*** DATASET EXTRACT ***

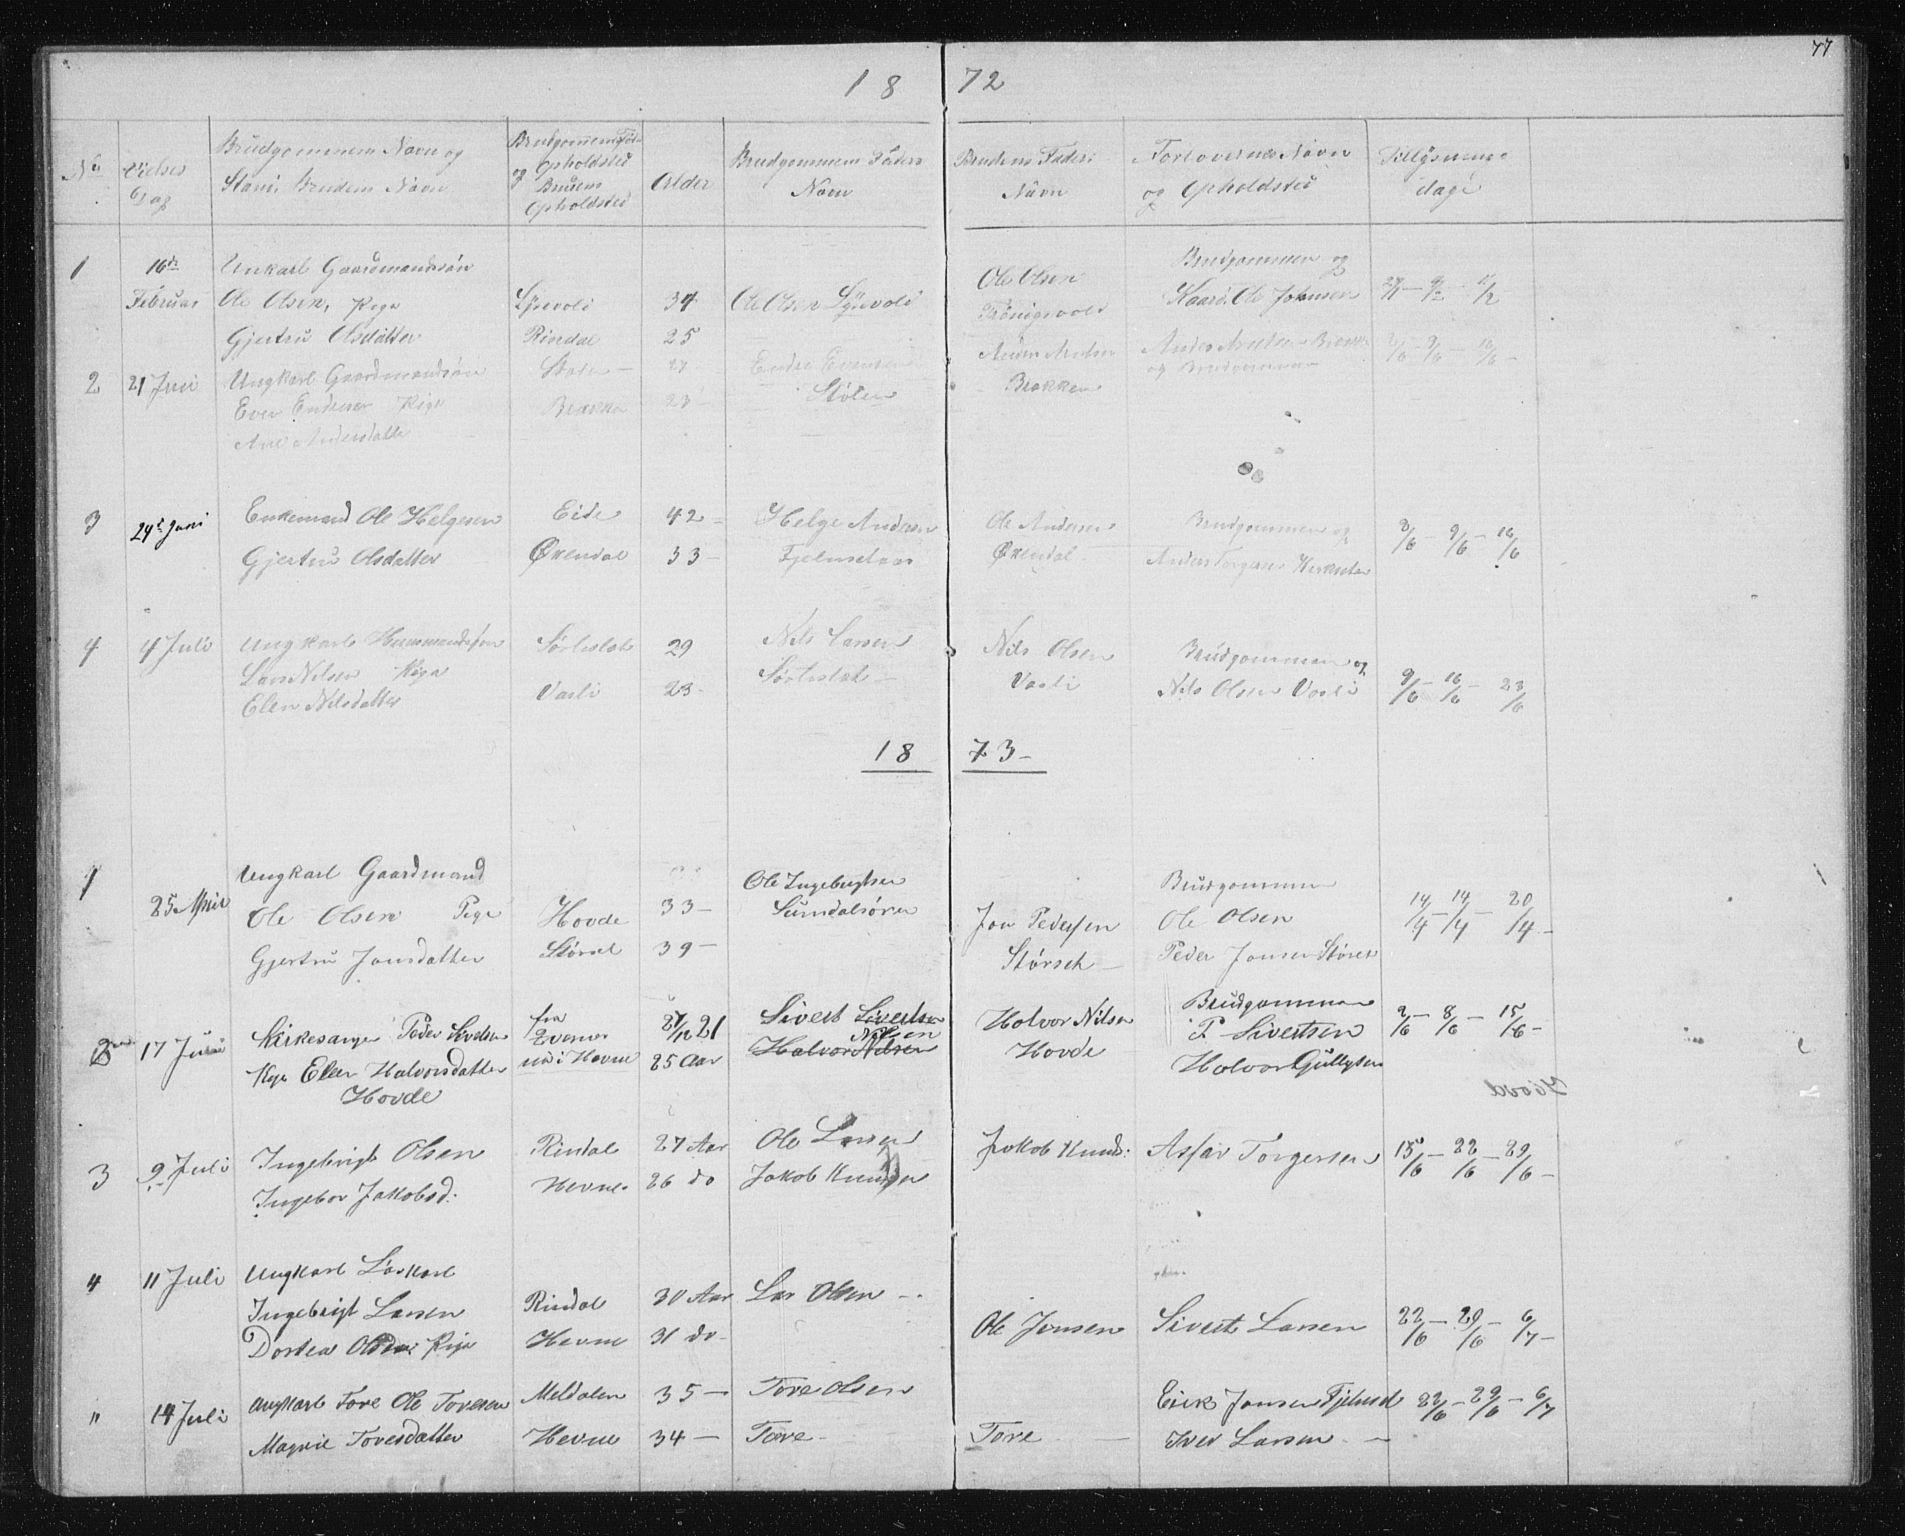 SAT, Ministerialprotokoller, klokkerbøker og fødselsregistre - Sør-Trøndelag, 631/L0513: Klokkerbok nr. 631C01, 1869-1879, s. 77
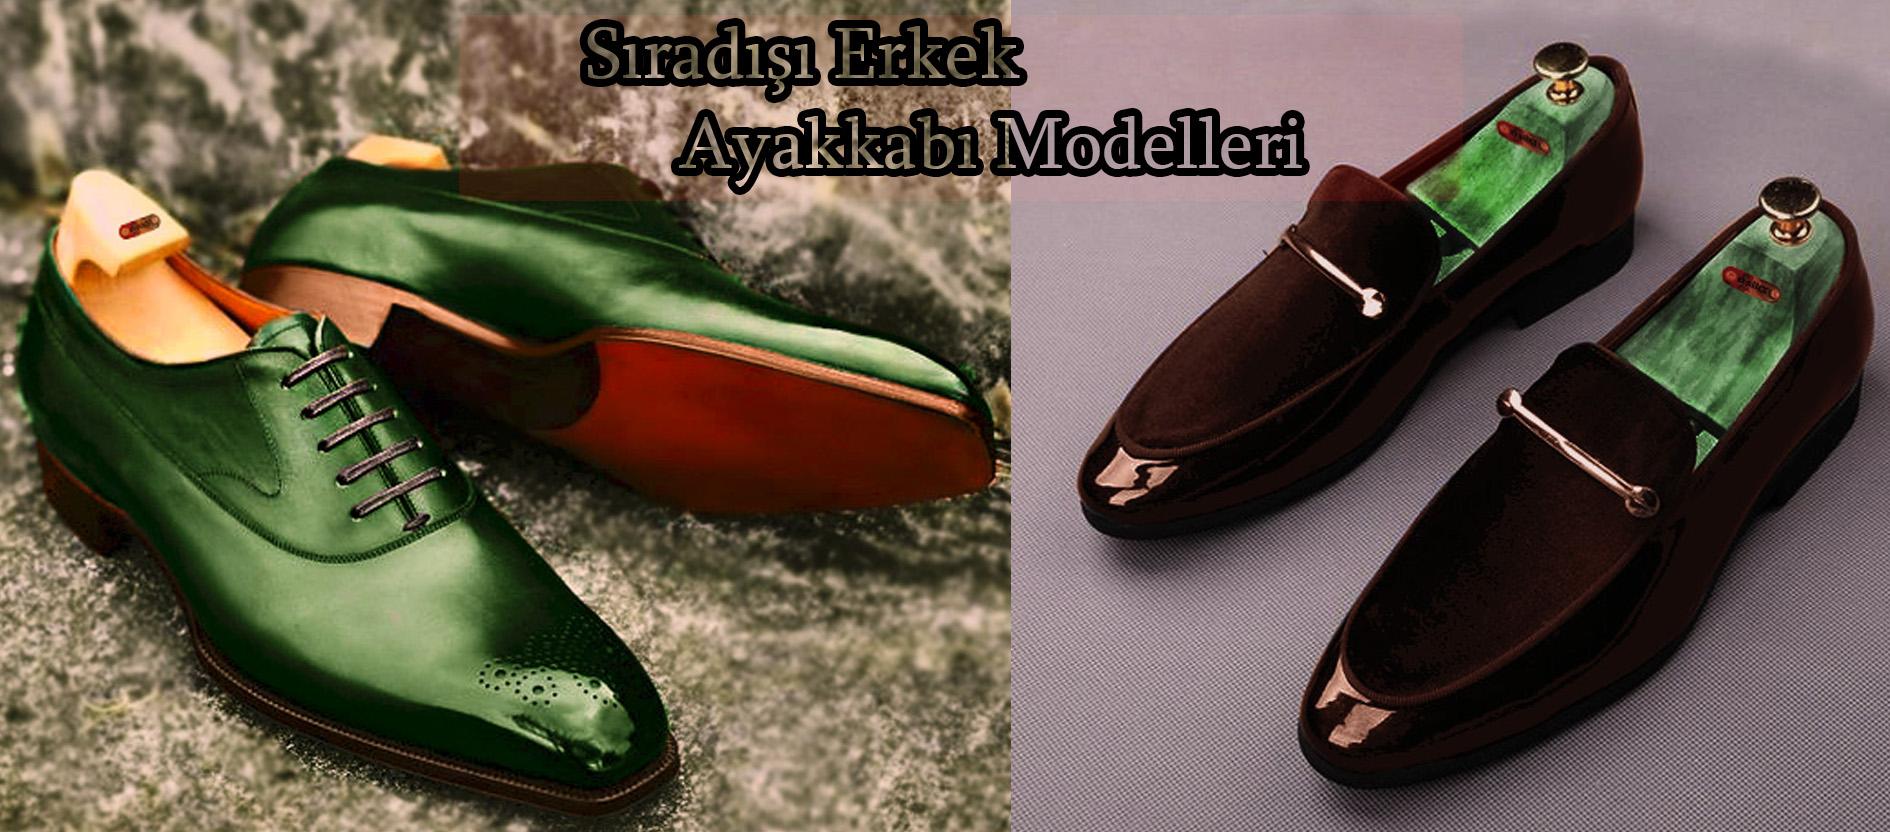 Sıradışı Erkek Ayakkabı Modelleri
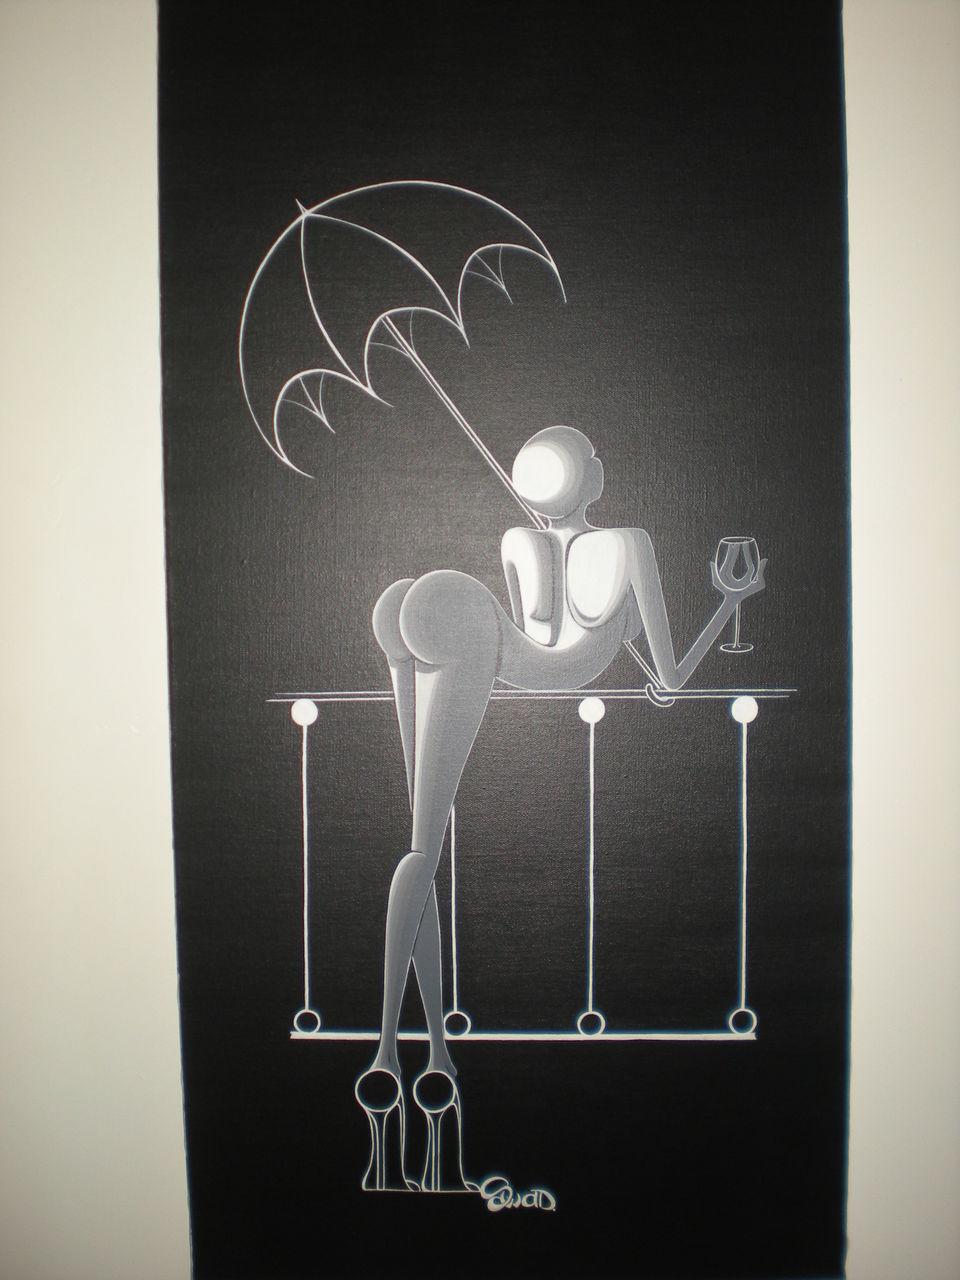 souad halima-rihoum dit SWAD en tant qu'artiste DSCN2443

*** End of DATASET EXTRACT ***

* [PROBLEM DETAILS]: Excluding pictures, reproduce the listing above exactly as it stands.

* [EXERCISE SOLUTION]:
 SAT, Ministerialprotokoller, klokkerbøker og fødselsregistre - Sør-Trøndelag, 631/L0513: Klokkerbok nr. 631C01, 1869-1879, s. 77
 Sıradışı Erkek Ayakkabı Modelleri
 souad halima-rihoum dit SWAD en tant qu'artiste DSCN2443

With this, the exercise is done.